Stop right there - I know exactly what you're thinking. "But Aaron, how can a bikini that dissolves in water, leaving that gal nekkid and wet and nekkid possibly in any universe be considered an idiotic product??" I initially thought so too, as I saw the headline on Fark.com and instantly clicked to find out what was this awesome thing and is this a joke or a real product - but as I read the article and logic started to sink in, I eventually had to admit that there's no foreseeable way to actually enjoy this product as the creators intended, nor can I think of a logical reason to purchase it at all...
The only thing going for this product is how much it riles up feminists - but if these ladies bothered to go through the same thought processes I did, they'd stop clamoring and recognize the Dissolving Bikini as the idiotic product that it is.
Let's start it off with the intended purpose listed in the article written by Spike.com as the "Ultimate Revenge Gift":
So the article assumes that somehow you actually managed to land yourself a girlfriend (even though you have a brain that would conceive this as being a good idea for "revenge") but now she's your ex-girlfriend (big surprise) and you want to get back at her (so obviously she dumped you).

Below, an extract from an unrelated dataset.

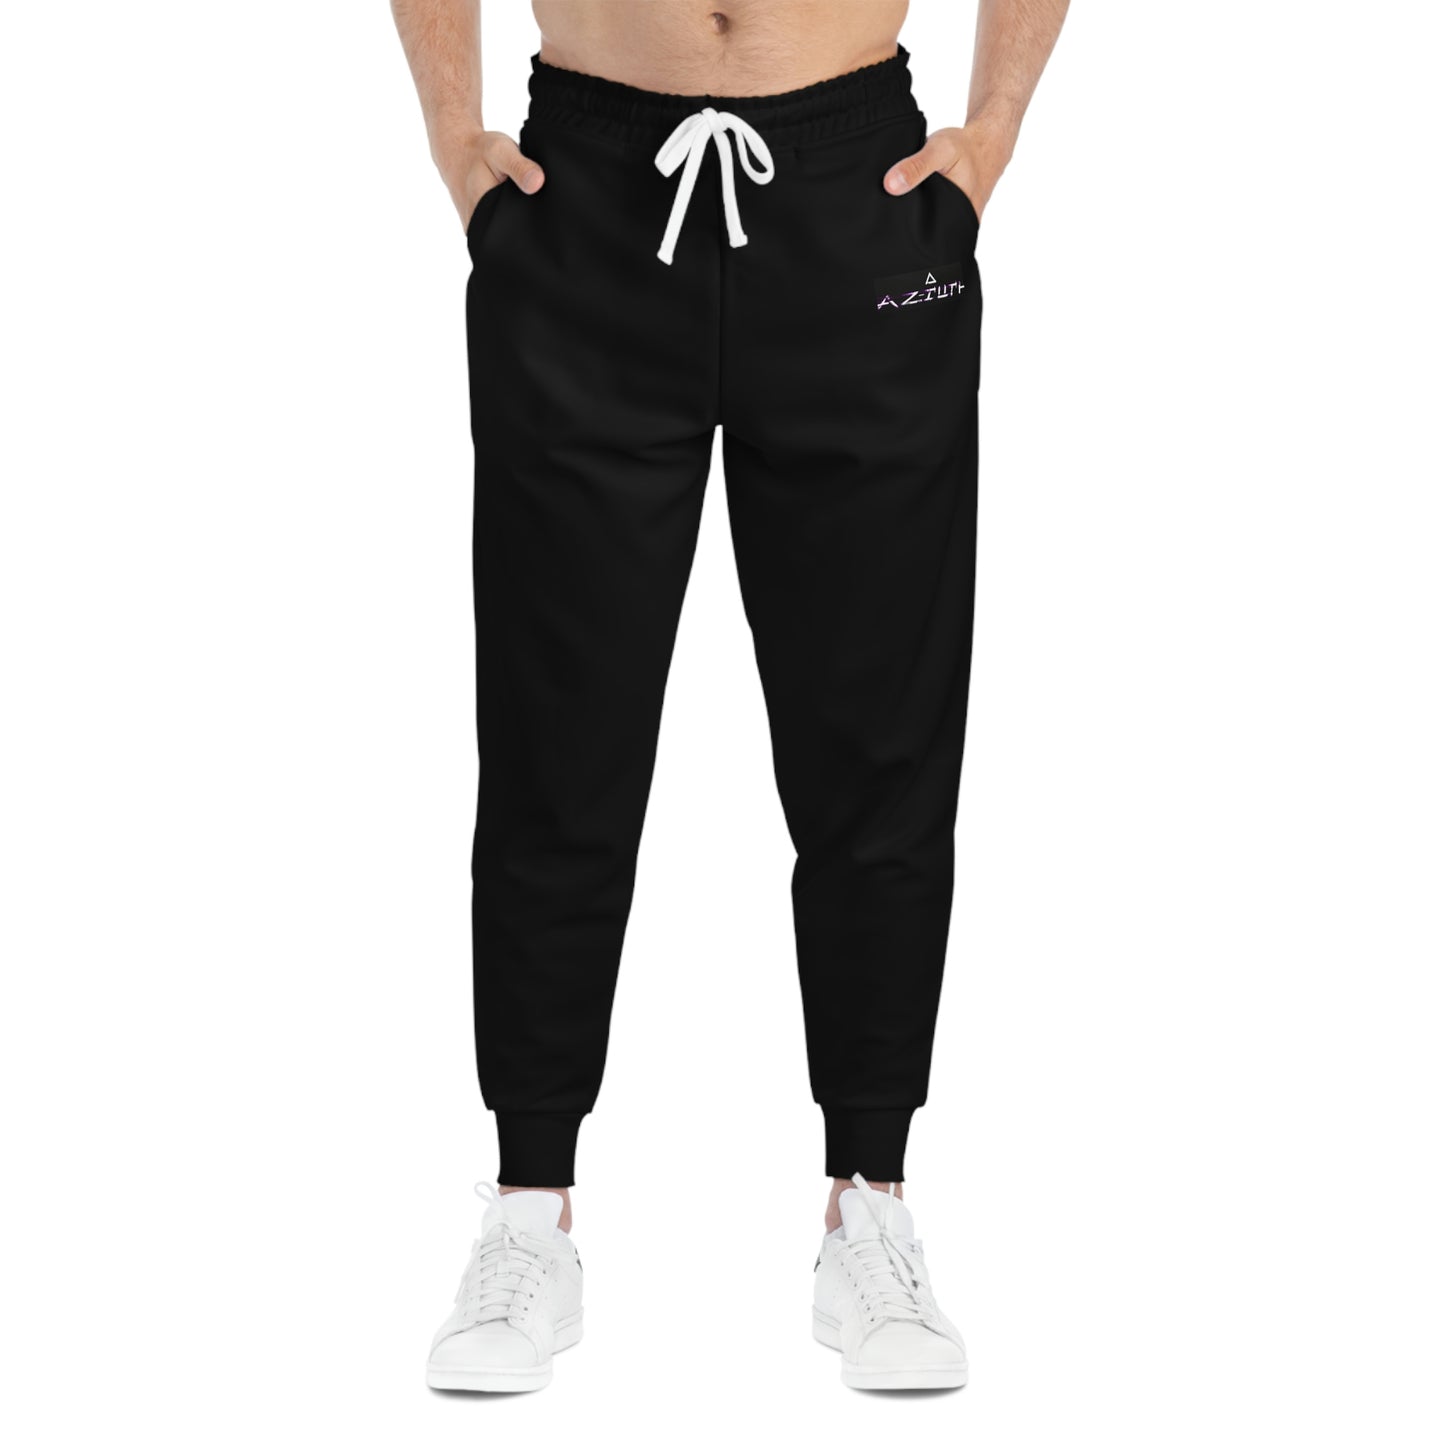 Atziluth Gallery Unisex Joggers- All Black
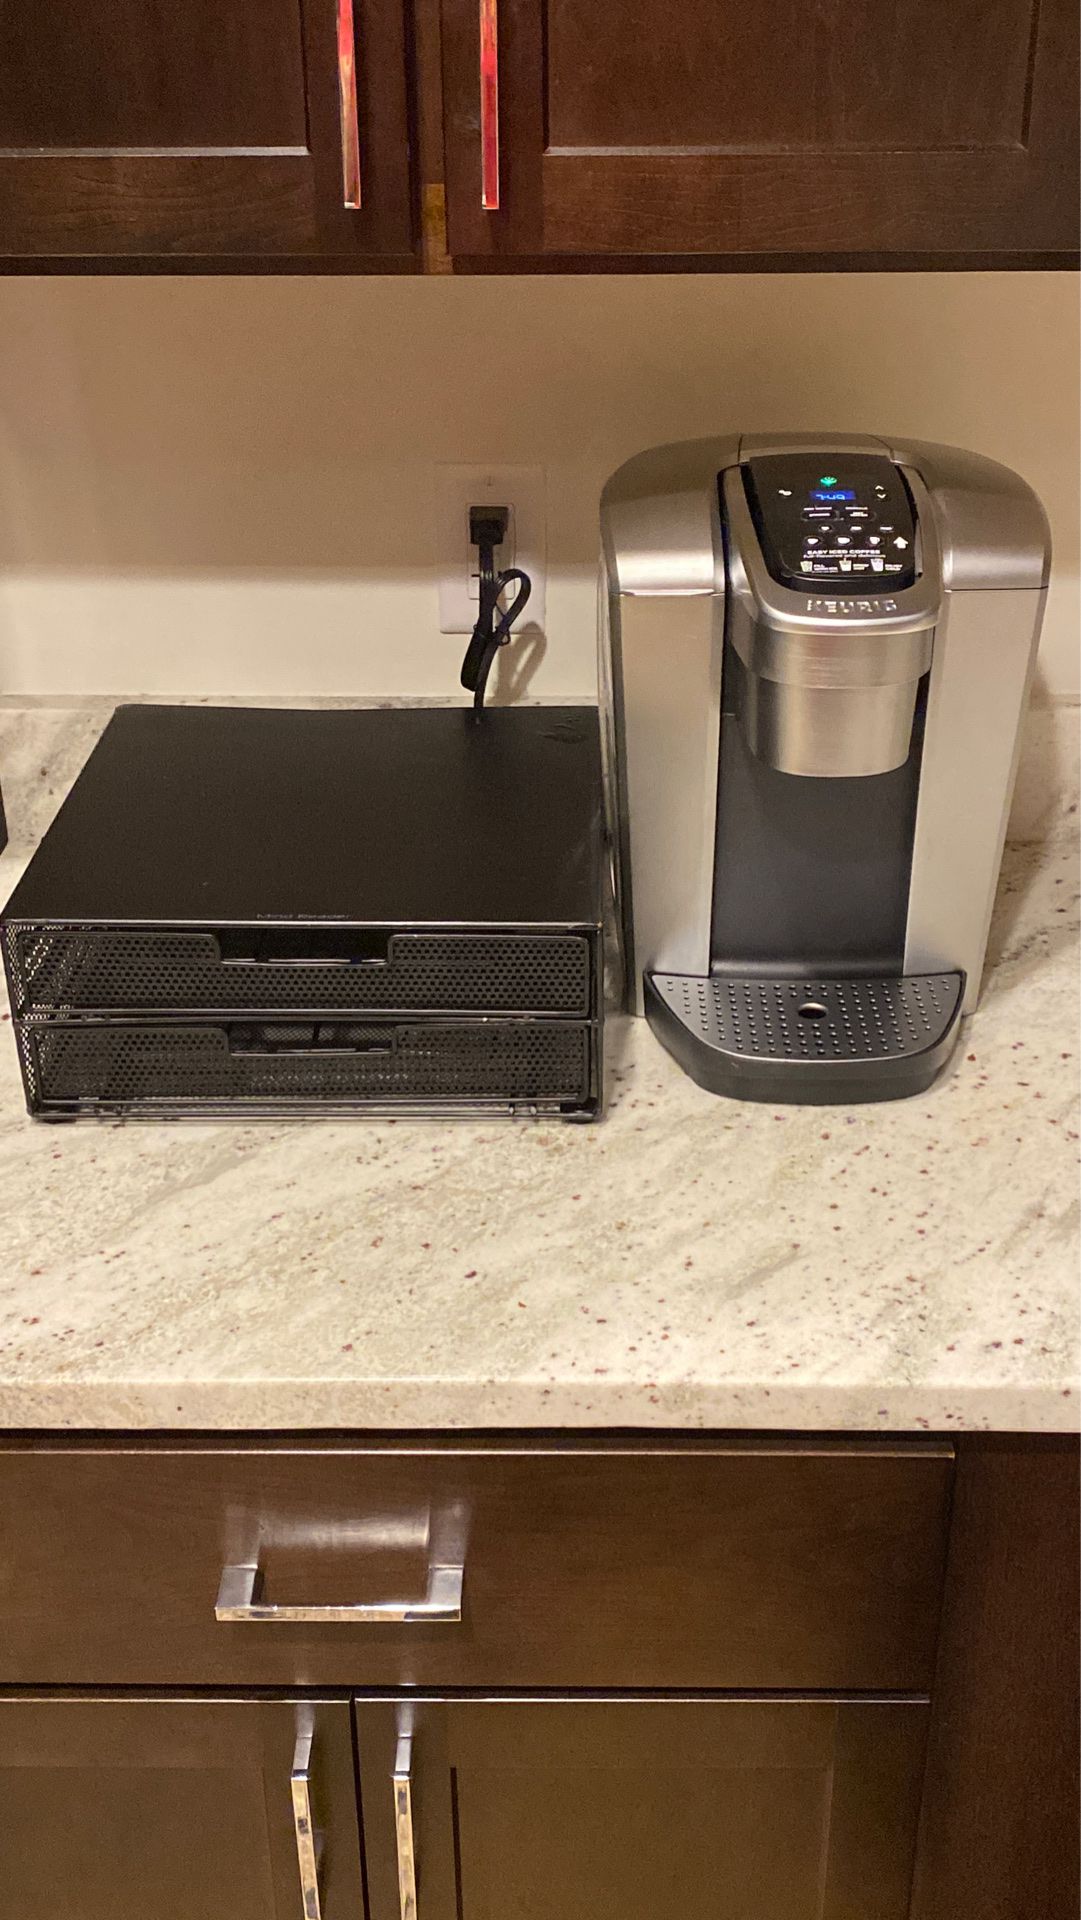 High-End Keurig - brand new! And double decker pod shelves included!!

Here's all that the article can manage to suggest:
"A German company has invented a marvelous new bikini that disappears once a girl puts it on and takes a swim. The sexy swimsuit disappears by dissolving in water, leaving a woman completely nude and embarrassed. The sexy black swimsuit looks like a real bikini, feels like a real bikini and fits like a real bikini. The only difference is it’s made from a material that completely melts away after a few seconds in water."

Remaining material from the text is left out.